Historical (Finalized):

  • Latency: 30-45 seconds behind blockchain
  • Commitment: finalized
  • Use case: Analytics, permanent records
  • Cache TTL: 5 minutes

Query Optimization

1. Time-series Partitioning: TimescaleDB automatically partitions data by time (1-day chunks) for fast queries on recent data.

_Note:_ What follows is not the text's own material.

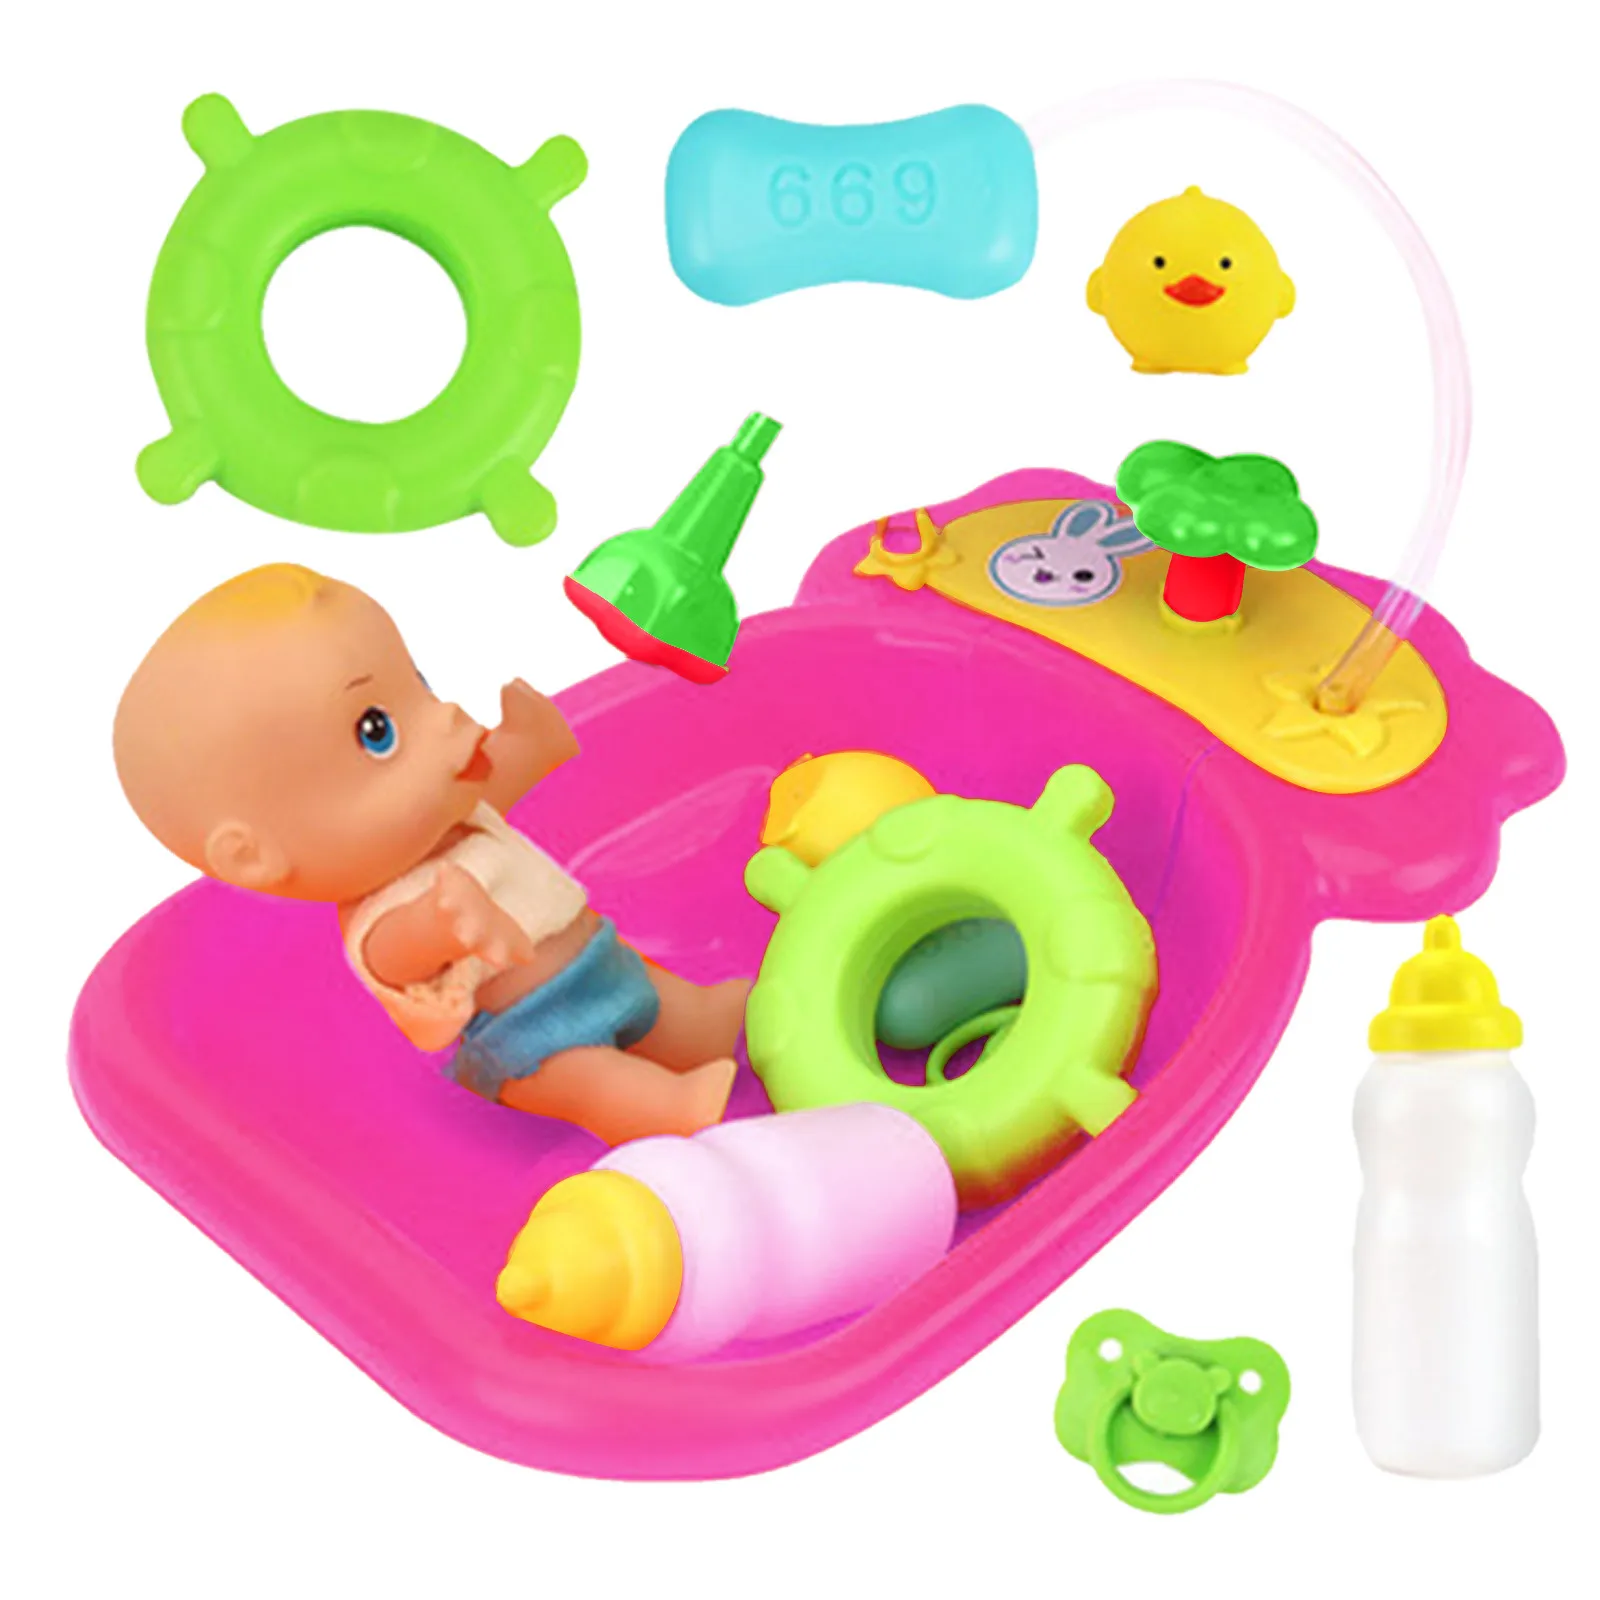 kids-plastic-bath-tub-doll-set-pretend-role-play-toy-with-shower-accessories-baby-girl-bath-doll-kids-with-toy-accessories

2. Materialized Views: Pre-aggregated statistics updated every minute:

  • Transactions per block
  • Validator statistics
  • Token transfer volumes
  • Program usage metrics

3. Multi-level Caching:

  • L1: Redis cache (70-85% hit rate)
  • L2: TimescaleDB query cache
  • L3: Materialized views

4. Indexes:

  • Time-based index (primary)
  • Signature hash index (unique lookups)
  • Account address index (account history)
  • Program ID index (program activity)
  • Composite indexes for common queries

Performance Characteristics

  • Ingestion Rate: 10,000+ events/second
  • Write Latency: <100ms from blockchain to database
  • Query Latency: 30-80ms (cached), 100-300ms (database)
  • Storage Growth: ~50GB/month for mainnet
  • Retention: Unlimited (all tiers include full history)

Scaling Approach

  • Write Scaling: Multiple Geyser plugins + message queue buffering
  • Read Scaling: TimescaleDB read replicas + Redis cache cluster
  • Storage Scaling: Automatic compression + continuous aggregates
  • Geographic Scaling: Regional read replicas for global access

4. WebSocket Architecture

Real-time streaming architecture using WebSocket for low-latency event delivery to connected clients.

graph TB
    subgraph "Client Connections"
        C1[Client 1<br/>WSS Connection]
        C2[Client 2<br/>WSS Connection]
        C3[Client 3<br/>WSS Connection]
        CN[Client N<br/>WSS Connection]
    end

    subgraph "WebSocket Server Cluster"
        WS1[WS Server 1<br/>Node.js/Go]
        WS2[WS Server 2<br/>Node.js/Go]
        WS3[WS Server 3<br/>Node.js/Go]
    end

    subgraph "Subscription Management"
        SubMgr[Subscription Manager<br/>Redis Pub/Sub]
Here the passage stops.